#### WHAT IS NEEDED
Exactly the lines starting at the line containing "Initial letters BRF logo designs Bundle" and ending at the line containing "Астрономия созвездия карта" are to be written out from the listing below, both included.

══════

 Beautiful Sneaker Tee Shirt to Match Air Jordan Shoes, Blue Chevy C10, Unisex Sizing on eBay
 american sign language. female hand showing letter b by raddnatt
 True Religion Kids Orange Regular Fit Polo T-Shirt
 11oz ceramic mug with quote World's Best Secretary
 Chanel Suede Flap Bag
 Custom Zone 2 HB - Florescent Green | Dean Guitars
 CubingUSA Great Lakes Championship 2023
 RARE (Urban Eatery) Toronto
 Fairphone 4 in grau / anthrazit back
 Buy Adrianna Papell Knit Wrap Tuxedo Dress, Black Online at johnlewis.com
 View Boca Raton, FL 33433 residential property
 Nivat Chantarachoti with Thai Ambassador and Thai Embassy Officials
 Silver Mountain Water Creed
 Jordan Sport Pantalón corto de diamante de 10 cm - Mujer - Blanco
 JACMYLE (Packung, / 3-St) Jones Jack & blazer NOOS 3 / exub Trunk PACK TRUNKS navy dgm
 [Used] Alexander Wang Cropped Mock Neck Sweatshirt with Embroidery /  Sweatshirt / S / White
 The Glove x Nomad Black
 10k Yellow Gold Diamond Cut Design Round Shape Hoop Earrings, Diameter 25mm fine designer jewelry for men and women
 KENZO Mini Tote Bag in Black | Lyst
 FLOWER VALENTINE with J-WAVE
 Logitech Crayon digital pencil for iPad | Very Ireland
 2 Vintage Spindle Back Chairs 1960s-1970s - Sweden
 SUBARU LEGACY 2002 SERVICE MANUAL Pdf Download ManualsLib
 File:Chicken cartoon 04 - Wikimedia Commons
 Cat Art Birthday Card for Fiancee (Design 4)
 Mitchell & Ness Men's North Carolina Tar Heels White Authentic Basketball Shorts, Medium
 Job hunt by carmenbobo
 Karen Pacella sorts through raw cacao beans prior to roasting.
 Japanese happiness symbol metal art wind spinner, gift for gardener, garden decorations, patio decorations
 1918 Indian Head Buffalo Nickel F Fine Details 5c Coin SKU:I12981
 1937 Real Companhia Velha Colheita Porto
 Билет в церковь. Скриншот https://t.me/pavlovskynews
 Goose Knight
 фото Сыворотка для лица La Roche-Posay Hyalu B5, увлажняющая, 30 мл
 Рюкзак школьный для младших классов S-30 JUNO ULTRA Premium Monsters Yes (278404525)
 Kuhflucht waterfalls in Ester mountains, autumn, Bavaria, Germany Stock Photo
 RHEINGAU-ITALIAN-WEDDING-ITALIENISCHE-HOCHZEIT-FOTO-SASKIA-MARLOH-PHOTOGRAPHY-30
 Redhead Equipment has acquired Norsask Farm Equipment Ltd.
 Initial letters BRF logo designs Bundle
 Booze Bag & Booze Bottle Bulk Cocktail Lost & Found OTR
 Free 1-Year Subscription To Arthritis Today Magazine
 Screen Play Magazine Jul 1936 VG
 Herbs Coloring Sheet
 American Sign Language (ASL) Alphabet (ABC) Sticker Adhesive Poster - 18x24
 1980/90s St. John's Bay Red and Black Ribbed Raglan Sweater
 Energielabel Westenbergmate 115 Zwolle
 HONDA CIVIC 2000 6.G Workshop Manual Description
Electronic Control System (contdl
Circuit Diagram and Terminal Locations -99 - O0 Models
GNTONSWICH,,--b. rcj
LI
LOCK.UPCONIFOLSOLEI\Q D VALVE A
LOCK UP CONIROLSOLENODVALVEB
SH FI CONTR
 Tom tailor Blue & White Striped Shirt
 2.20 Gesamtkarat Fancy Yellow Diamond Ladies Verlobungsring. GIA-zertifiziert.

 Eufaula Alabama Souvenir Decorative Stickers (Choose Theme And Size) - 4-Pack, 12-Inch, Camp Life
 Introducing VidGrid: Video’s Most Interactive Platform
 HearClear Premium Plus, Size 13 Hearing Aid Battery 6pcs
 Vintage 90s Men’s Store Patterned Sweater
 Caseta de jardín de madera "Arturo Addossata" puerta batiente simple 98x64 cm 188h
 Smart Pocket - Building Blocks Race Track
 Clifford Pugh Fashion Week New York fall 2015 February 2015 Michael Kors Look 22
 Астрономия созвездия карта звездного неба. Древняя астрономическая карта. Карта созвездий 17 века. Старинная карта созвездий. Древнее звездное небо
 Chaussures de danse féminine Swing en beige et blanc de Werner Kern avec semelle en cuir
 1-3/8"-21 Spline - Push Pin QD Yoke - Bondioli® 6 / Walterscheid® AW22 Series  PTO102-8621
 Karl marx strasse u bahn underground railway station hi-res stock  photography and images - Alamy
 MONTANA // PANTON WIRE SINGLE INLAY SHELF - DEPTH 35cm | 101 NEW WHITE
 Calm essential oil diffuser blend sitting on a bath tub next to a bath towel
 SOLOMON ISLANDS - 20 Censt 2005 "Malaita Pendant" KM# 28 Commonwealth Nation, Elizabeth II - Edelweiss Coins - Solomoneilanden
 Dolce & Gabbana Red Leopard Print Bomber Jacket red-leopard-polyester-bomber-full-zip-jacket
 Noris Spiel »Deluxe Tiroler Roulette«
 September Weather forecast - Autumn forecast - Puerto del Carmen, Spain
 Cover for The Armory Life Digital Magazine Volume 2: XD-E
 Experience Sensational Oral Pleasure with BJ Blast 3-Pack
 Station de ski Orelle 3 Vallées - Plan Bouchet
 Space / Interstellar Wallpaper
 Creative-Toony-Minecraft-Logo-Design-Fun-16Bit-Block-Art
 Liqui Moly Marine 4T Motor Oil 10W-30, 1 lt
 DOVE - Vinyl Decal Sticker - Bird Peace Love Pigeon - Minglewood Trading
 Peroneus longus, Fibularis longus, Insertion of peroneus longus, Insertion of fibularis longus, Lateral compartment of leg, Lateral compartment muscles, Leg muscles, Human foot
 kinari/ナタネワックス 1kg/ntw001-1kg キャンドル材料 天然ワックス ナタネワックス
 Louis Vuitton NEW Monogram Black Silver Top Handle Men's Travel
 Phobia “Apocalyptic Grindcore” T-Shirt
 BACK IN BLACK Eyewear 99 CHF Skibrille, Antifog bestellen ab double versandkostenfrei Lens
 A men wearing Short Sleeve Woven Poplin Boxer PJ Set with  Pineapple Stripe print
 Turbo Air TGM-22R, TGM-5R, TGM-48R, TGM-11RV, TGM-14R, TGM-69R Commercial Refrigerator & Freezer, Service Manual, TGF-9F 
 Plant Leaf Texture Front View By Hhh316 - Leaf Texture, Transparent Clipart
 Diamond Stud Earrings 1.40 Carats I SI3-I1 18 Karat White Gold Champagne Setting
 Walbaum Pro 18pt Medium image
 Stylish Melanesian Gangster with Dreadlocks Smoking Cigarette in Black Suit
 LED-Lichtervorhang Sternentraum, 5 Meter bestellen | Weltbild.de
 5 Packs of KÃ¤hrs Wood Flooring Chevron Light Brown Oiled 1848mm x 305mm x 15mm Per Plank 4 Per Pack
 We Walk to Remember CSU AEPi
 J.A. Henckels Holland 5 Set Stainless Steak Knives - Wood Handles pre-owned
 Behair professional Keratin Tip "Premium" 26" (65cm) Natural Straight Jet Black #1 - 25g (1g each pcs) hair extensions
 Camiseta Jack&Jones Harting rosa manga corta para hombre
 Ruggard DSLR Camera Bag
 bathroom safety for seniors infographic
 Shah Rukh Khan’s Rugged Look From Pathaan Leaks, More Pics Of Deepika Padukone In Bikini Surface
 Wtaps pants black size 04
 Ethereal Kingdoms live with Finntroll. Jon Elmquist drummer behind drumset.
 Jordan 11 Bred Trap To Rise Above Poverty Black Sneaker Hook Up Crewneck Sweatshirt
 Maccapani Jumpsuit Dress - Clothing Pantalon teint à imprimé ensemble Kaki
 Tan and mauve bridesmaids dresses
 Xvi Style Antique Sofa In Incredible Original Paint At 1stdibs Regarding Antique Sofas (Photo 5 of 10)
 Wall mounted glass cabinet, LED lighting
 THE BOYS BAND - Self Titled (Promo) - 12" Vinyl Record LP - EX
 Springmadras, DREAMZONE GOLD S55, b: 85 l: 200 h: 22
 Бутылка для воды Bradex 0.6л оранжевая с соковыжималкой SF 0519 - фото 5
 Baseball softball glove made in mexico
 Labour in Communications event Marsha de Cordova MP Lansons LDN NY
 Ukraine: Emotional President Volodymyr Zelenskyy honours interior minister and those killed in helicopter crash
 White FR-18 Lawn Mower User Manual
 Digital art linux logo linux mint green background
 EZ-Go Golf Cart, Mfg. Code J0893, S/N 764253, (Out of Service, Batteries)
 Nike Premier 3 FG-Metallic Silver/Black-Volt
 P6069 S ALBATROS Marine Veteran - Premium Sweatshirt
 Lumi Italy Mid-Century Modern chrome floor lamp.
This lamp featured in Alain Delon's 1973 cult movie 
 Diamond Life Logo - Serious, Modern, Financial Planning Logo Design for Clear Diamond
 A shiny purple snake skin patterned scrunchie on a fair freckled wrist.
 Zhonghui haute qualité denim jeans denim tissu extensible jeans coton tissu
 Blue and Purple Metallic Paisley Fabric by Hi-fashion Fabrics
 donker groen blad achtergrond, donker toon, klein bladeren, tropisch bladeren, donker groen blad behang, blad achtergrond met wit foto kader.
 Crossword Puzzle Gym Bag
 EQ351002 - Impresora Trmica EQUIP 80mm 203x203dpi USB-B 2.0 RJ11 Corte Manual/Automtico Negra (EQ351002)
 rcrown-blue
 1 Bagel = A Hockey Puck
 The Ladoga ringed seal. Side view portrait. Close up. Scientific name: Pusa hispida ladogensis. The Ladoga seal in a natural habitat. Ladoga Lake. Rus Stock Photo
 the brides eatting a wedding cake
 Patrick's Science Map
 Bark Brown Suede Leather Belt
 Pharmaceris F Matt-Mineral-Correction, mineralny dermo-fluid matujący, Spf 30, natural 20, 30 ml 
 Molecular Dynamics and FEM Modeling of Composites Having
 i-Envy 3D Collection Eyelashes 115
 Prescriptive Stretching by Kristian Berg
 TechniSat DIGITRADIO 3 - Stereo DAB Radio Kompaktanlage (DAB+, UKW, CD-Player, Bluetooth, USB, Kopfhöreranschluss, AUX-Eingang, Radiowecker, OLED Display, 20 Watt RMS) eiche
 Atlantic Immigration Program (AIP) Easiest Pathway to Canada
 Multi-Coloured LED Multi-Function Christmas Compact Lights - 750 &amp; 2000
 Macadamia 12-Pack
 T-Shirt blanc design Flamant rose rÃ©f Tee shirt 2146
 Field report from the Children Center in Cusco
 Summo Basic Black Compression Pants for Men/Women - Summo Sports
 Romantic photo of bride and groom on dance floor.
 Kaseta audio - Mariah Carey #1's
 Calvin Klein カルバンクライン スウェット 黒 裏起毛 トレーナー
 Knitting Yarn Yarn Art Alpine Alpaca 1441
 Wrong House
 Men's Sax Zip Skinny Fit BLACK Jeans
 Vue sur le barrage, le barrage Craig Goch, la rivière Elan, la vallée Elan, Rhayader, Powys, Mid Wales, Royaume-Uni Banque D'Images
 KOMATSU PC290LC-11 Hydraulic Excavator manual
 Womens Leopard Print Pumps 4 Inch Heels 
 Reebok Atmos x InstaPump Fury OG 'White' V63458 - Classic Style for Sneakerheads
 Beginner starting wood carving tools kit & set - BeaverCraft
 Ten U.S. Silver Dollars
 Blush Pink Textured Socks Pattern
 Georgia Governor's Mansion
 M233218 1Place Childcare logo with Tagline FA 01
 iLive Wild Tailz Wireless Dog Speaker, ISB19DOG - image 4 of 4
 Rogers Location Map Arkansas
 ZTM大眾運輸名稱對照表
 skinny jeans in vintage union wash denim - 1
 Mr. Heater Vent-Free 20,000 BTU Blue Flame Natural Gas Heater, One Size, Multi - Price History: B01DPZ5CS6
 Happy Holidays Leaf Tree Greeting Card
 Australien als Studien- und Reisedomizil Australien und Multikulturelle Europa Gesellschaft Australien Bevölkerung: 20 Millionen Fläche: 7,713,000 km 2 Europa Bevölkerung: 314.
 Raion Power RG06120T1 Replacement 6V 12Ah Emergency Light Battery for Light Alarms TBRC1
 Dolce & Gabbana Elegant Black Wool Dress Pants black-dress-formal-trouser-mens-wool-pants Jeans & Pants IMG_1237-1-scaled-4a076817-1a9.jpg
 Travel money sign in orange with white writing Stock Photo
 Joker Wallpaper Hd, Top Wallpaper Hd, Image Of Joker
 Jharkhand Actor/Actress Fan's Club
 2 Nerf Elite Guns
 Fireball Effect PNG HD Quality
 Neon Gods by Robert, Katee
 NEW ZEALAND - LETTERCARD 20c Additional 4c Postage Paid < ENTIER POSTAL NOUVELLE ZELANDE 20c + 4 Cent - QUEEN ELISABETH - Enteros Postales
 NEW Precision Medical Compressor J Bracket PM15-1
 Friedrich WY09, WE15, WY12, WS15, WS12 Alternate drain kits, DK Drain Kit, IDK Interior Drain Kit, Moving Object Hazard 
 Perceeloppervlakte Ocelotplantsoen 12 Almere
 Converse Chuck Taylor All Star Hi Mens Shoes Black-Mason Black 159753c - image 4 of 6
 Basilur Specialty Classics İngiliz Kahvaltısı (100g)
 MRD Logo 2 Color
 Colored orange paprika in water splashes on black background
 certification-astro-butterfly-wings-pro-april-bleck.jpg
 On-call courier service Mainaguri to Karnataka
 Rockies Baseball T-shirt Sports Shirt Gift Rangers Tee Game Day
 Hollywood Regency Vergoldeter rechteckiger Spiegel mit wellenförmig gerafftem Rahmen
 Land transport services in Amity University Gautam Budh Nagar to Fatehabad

══════

#### ANSWER AREA
 Initial letters BRF logo designs Bundle
 Booze Bag & Booze Bottle Bulk Cocktail Lost & Found OTR
 Free 1-Year Subscription To Arthritis Today Magazine
 Screen Play Magazine Jul 1936 VG
 Herbs Coloring Sheet
 American Sign Language (ASL) Alphabet (ABC) Sticker Adhesive Poster - 18x24
 1980/90s St. John's Bay Red and Black Ribbed Raglan Sweater
 Energielabel Westenbergmate 115 Zwolle
 HONDA CIVIC 2000 6.G Workshop Manual Description
Electronic Control System (contdl
Circuit Diagram and Terminal Locations -99 - O0 Models
GNTONSWICH,,--b. rcj
LI
LOCK.UPCONIFOLSOLEI\Q D VALVE A
LOCK UP CONIROLSOLENODVALVEB
SH FI CONTR
 Tom tailor Blue & White Striped Shirt
 2.20 Gesamtkarat Fancy Yellow Diamond Ladies Verlobungsring. GIA-zertifiziert.

 Eufaula Alabama Souvenir Decorative Stickers (Choose Theme And Size) - 4-Pack, 12-Inch, Camp Life
 Introducing VidGrid: Video’s Most Interactive Platform
 HearClear Premium Plus, Size 13 Hearing Aid Battery 6pcs
 Vintage 90s Men’s Store Patterned Sweater
 Caseta de jardín de madera "Arturo Addossata" puerta batiente simple 98x64 cm 188h
 Smart Pocket - Building Blocks Race Track
 Clifford Pugh Fashion Week New York fall 2015 February 2015 Michael Kors Look 22
 Астрономия созвездия карта звездного неба. Древняя астрономическая карта. Карта созвездий 17 века. Старинная карта созвездий. Древнее звездное небо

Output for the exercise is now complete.